Commentaries
PMC Market Commentary: November 14, 2014
After intense selling and volatility in equities in early October, stocks have staged a substantial rally. Since the lows of October 15, the S&P 500 had rallied more than 12% through late this week, recovering all the ground lost in early October and then some. Earnings season has added additional fuel to the rally, as the companies of the S&P 500 posted overall earnings of more than 7.5%, with decent revenue growth of more than 4%. Bonds meanwhile also regained ground after having seen yields plunge in October, and yields now stand about where they were a month ago.
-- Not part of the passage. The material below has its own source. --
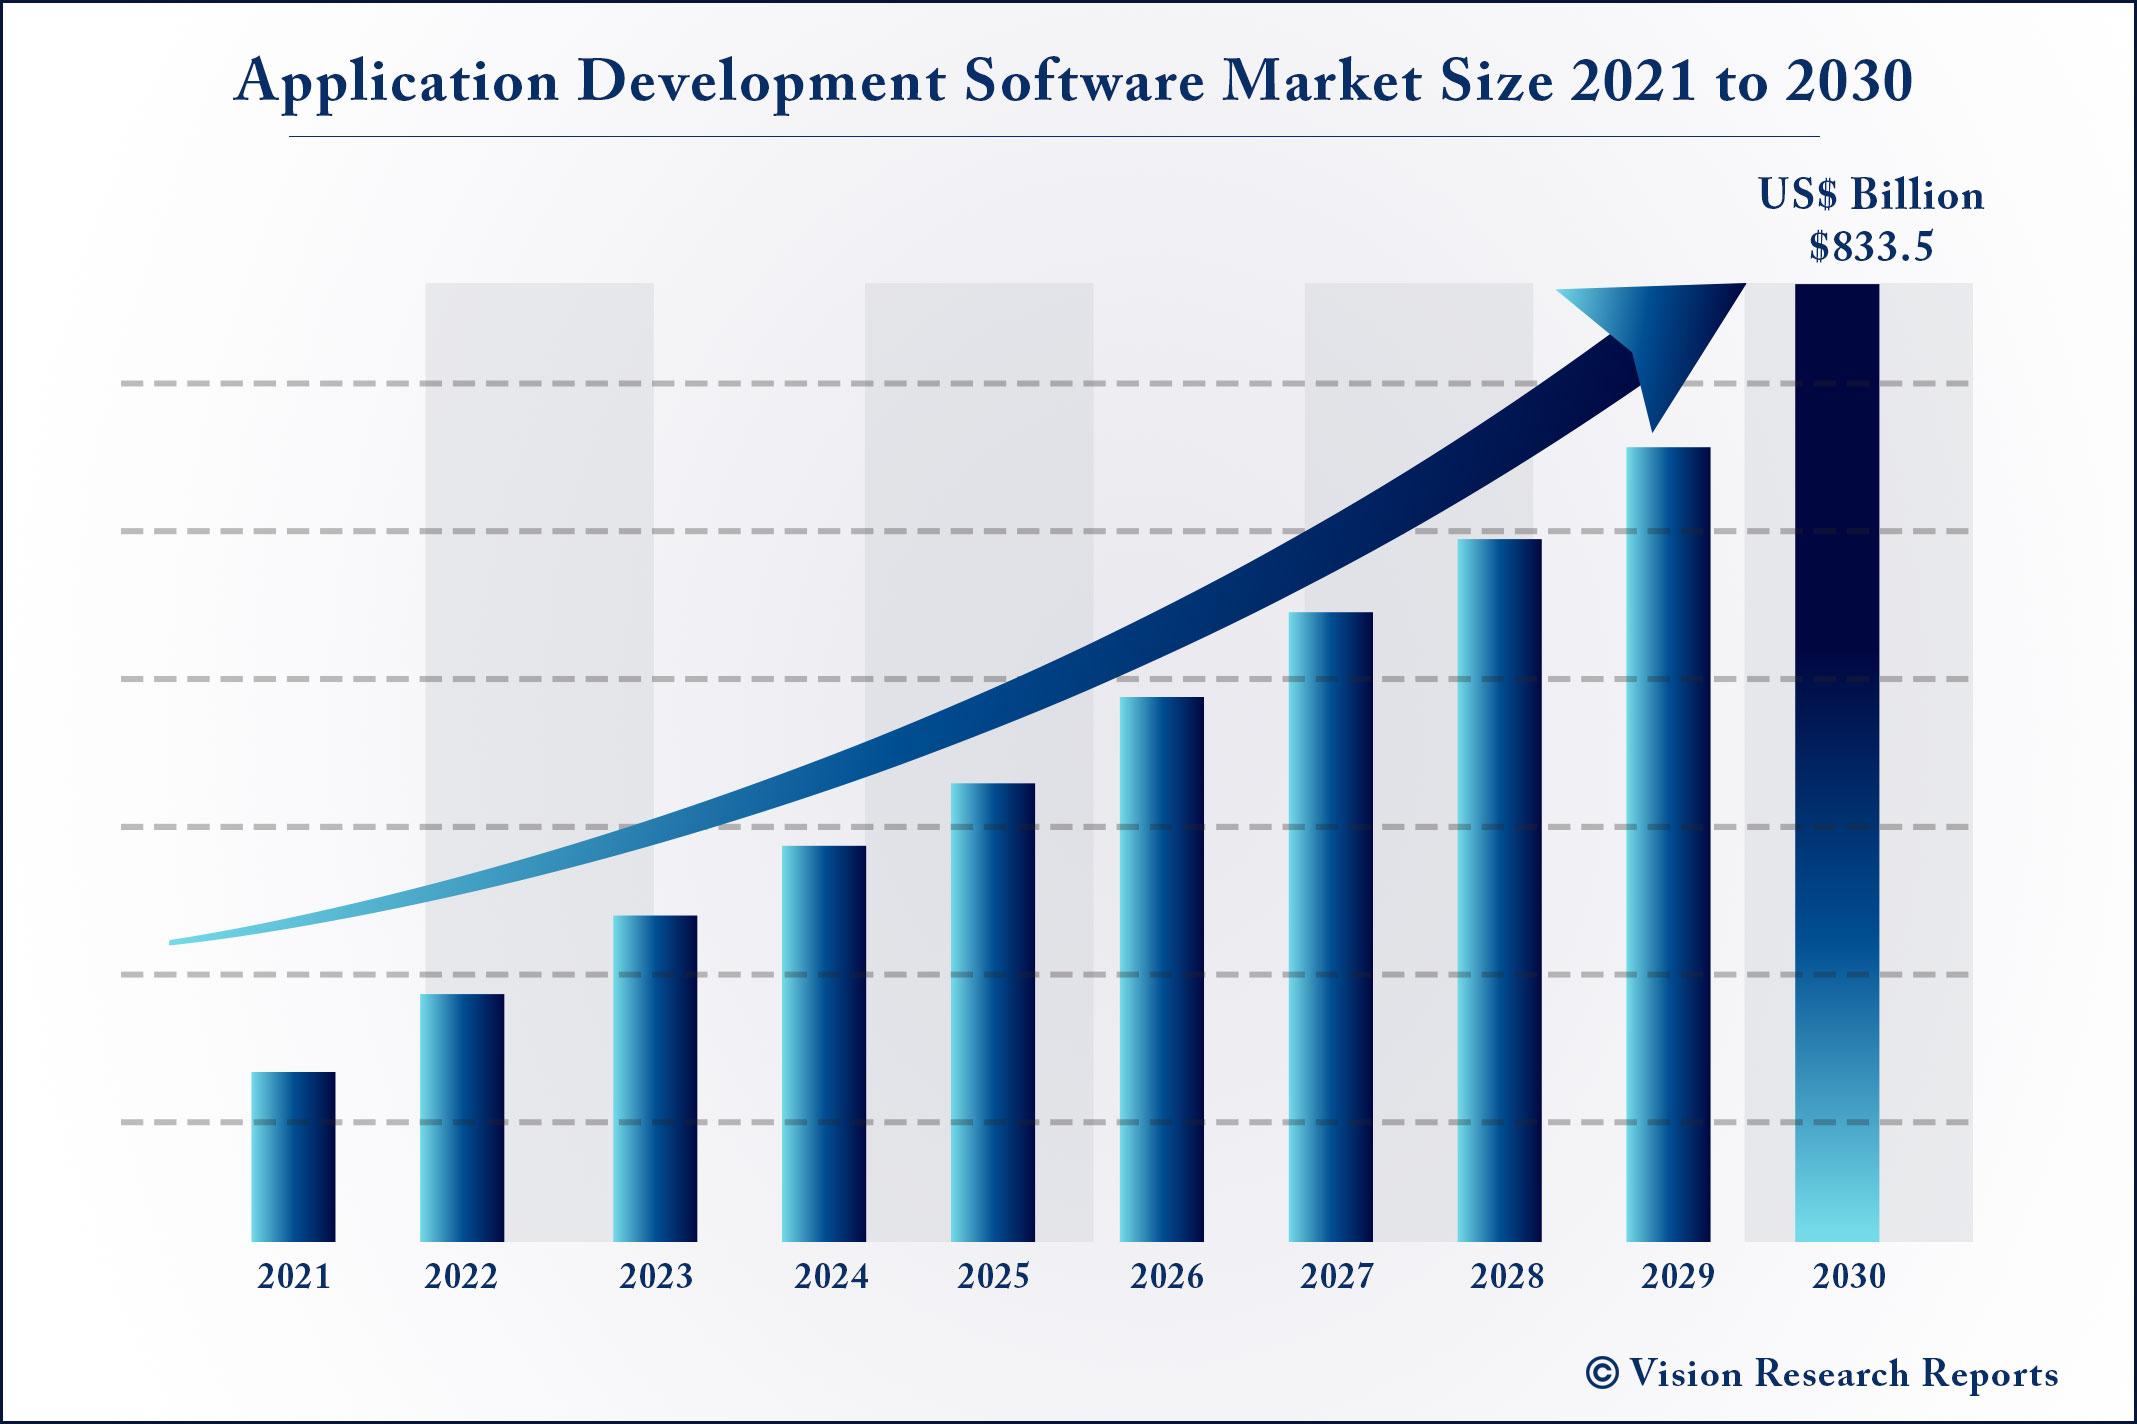 Application Development Software Market Size 2021 to 2030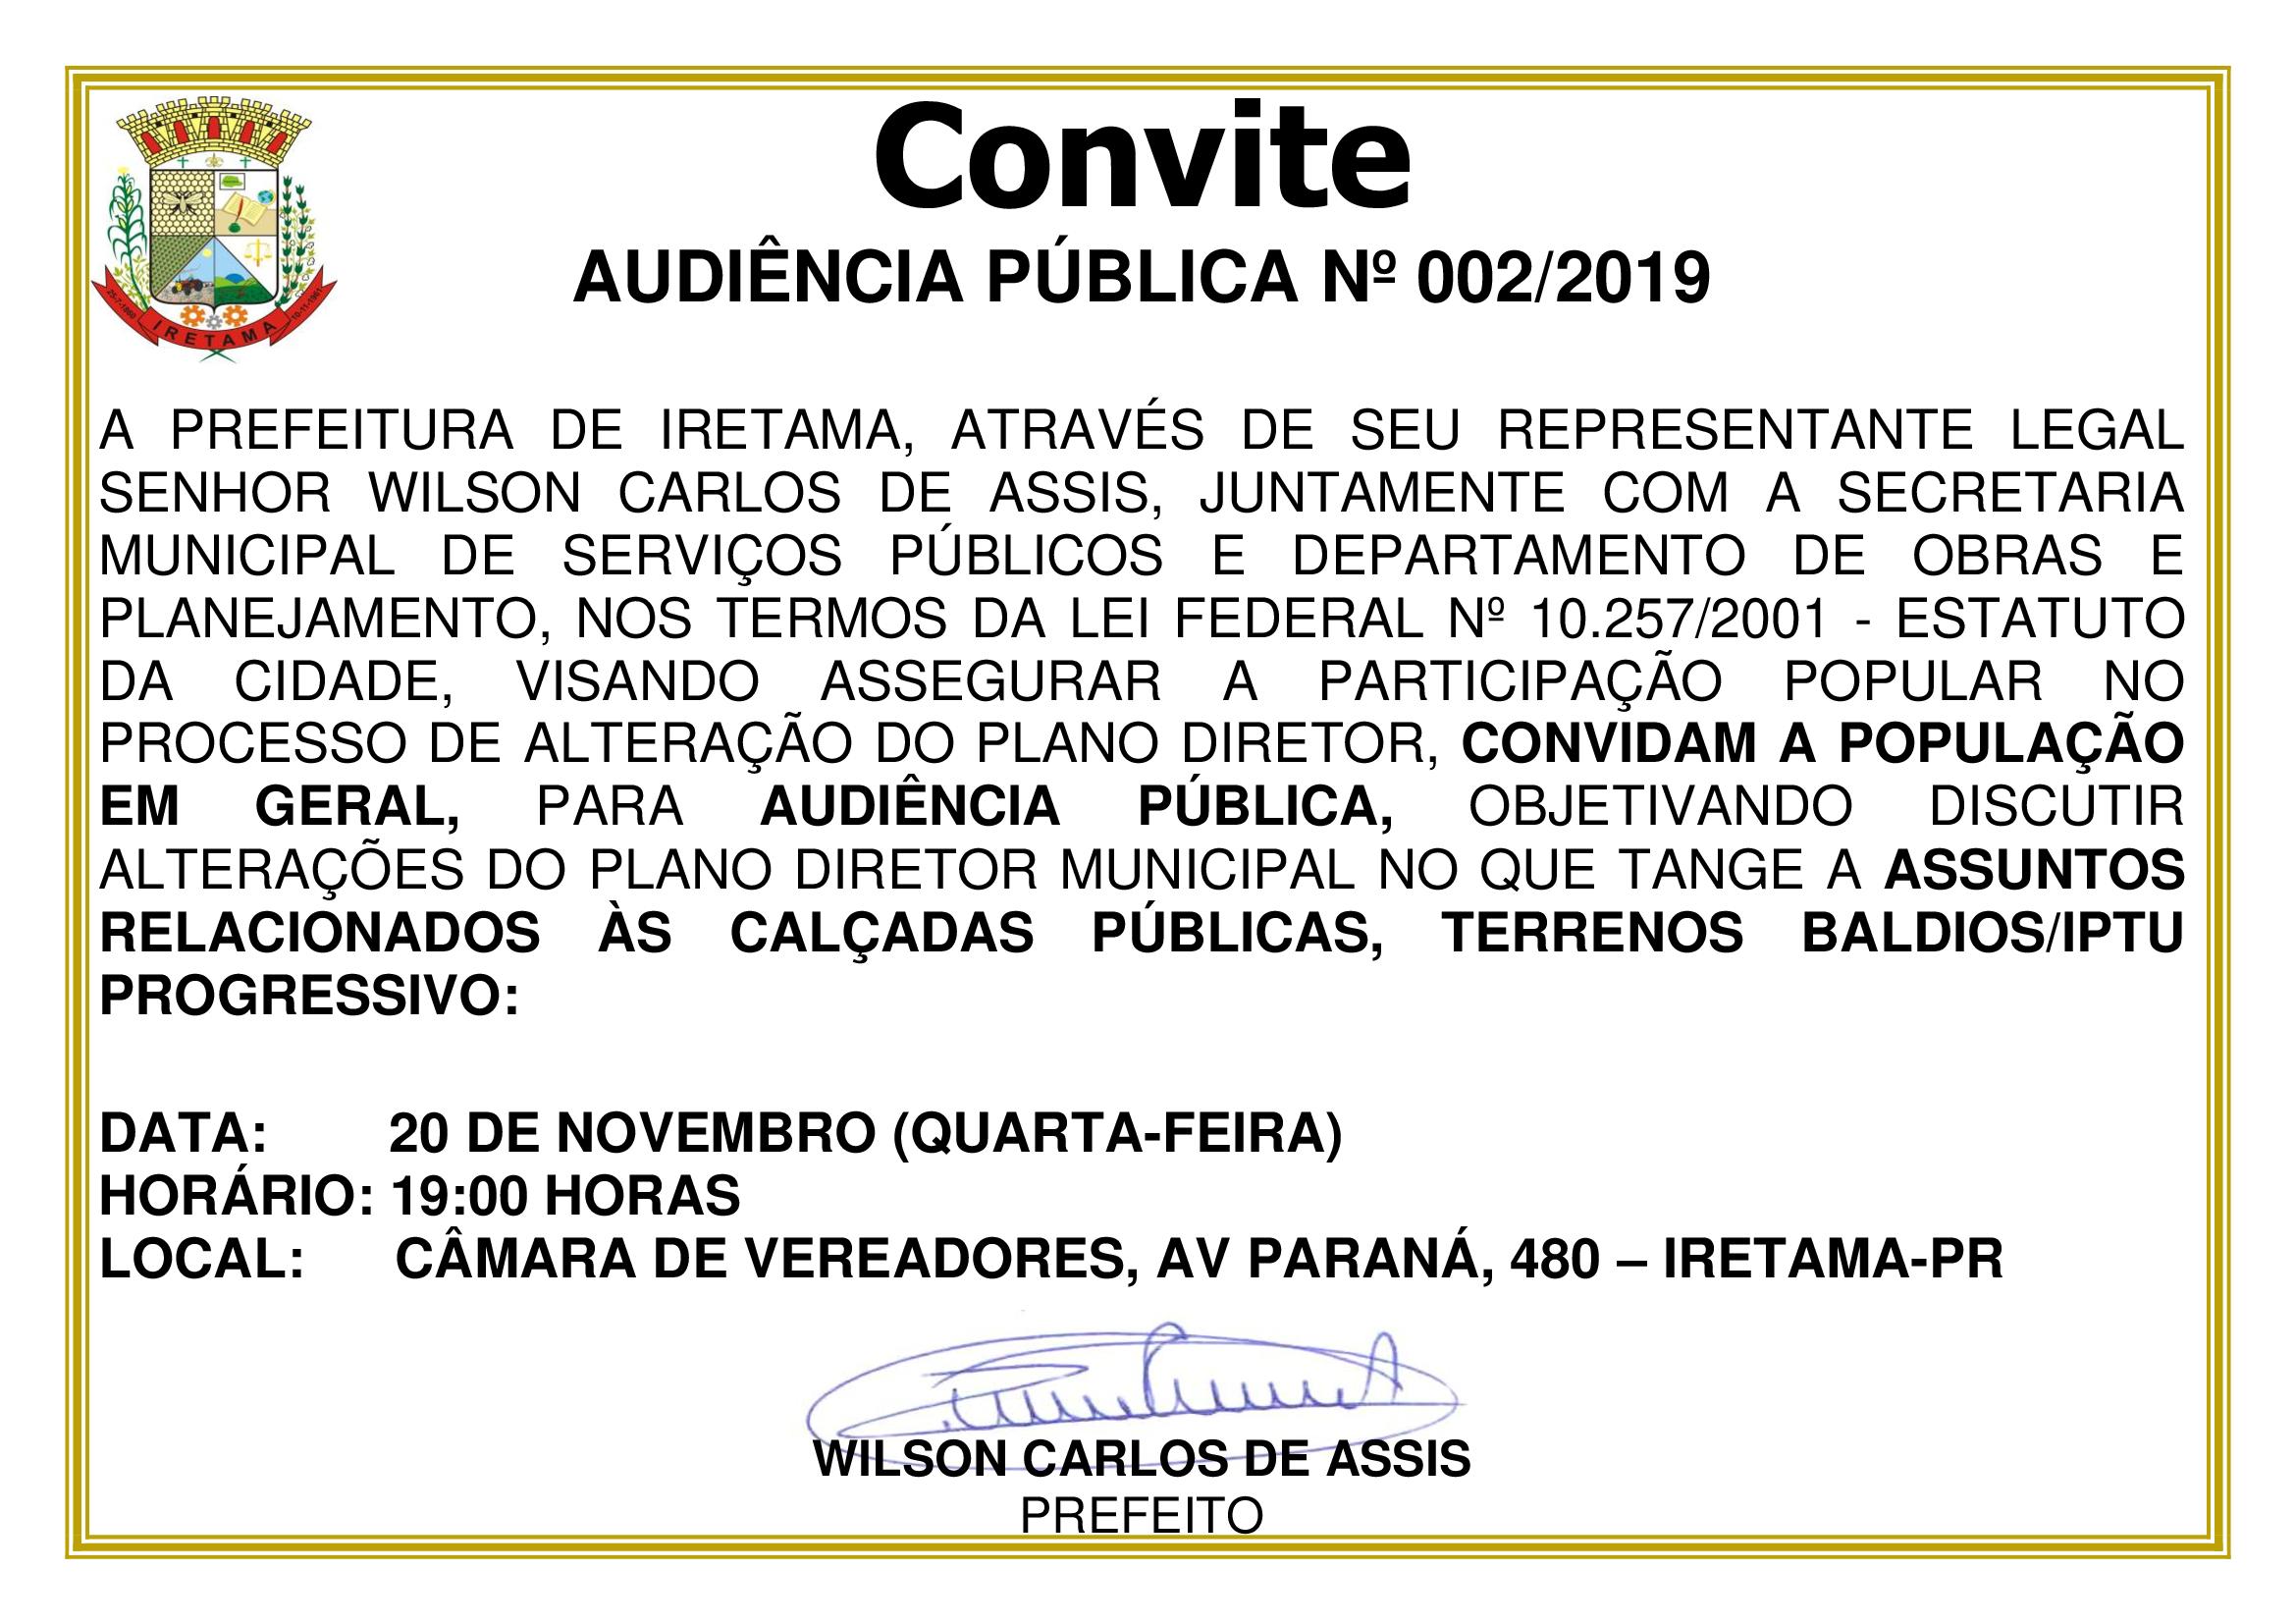 AUDIÊNCIA PÚBLICA Nº 002/2019

The intense swings of October were sharp and sudden, and dissipated almost as quickly as they arrived. It was a healthy reminder that volatility is always a possibility. It also can erupt unexpectedly, with few apparent triggers, and then evaporate just as quickly.
That said, we are back to steady gains, low volumes, and a market that continues to confound professional investors by stubbornly refusing to go up and down nearly as much as many traders and hedge funds expect. One recent research piece was aptly titled “The Bull Market No One Loves,” and indeed, it is difficult to find much conviction in this multi-year run among the Wall Street cognoscenti.
What’s past is prologue, so what matters now is what happens next. We will soon be flooded with a tsunami of 2015 market commentary (which we may offer ourselves – be warned). All of it will be useful only insofar as it cogently analyzes current trends and developments, and any who set precise return numbers are best dismissed unless it is clearly with the caveat that the numbers are meant only as a representation of conviction rather than some precious crystal ball that only that person possesses.
Here is what we know: we know, as The Envestnet Edge recently underscored, that the two years following a midterm election in the United States have for the past fifty years or more been very strong for domestic U.S. equities. We know that emerging markets, international markets, and small cap stocks have all continued to underperform this year, even though the fundamentals underlying each of those appear to be stronger than the returns generated. Expectations that those asset classes would soon do better have been disappointed, but if those fundamentals remain decent, those expectations will not continue to be disappointed. We know also that in spite of multiple geopolitical issues and structural concerns, it requires a concerted effort to make the case that we are on the precipice of a major downturn. It is possible, always possible, but not probable.
Finally, given current trading volumes (low), we may be in for a relatively quiet year-end. As we said earlier in the year, quiet periods are not a given and should be used well to position. Much easier to do that when things are calm, which they are now and most surely will not always be.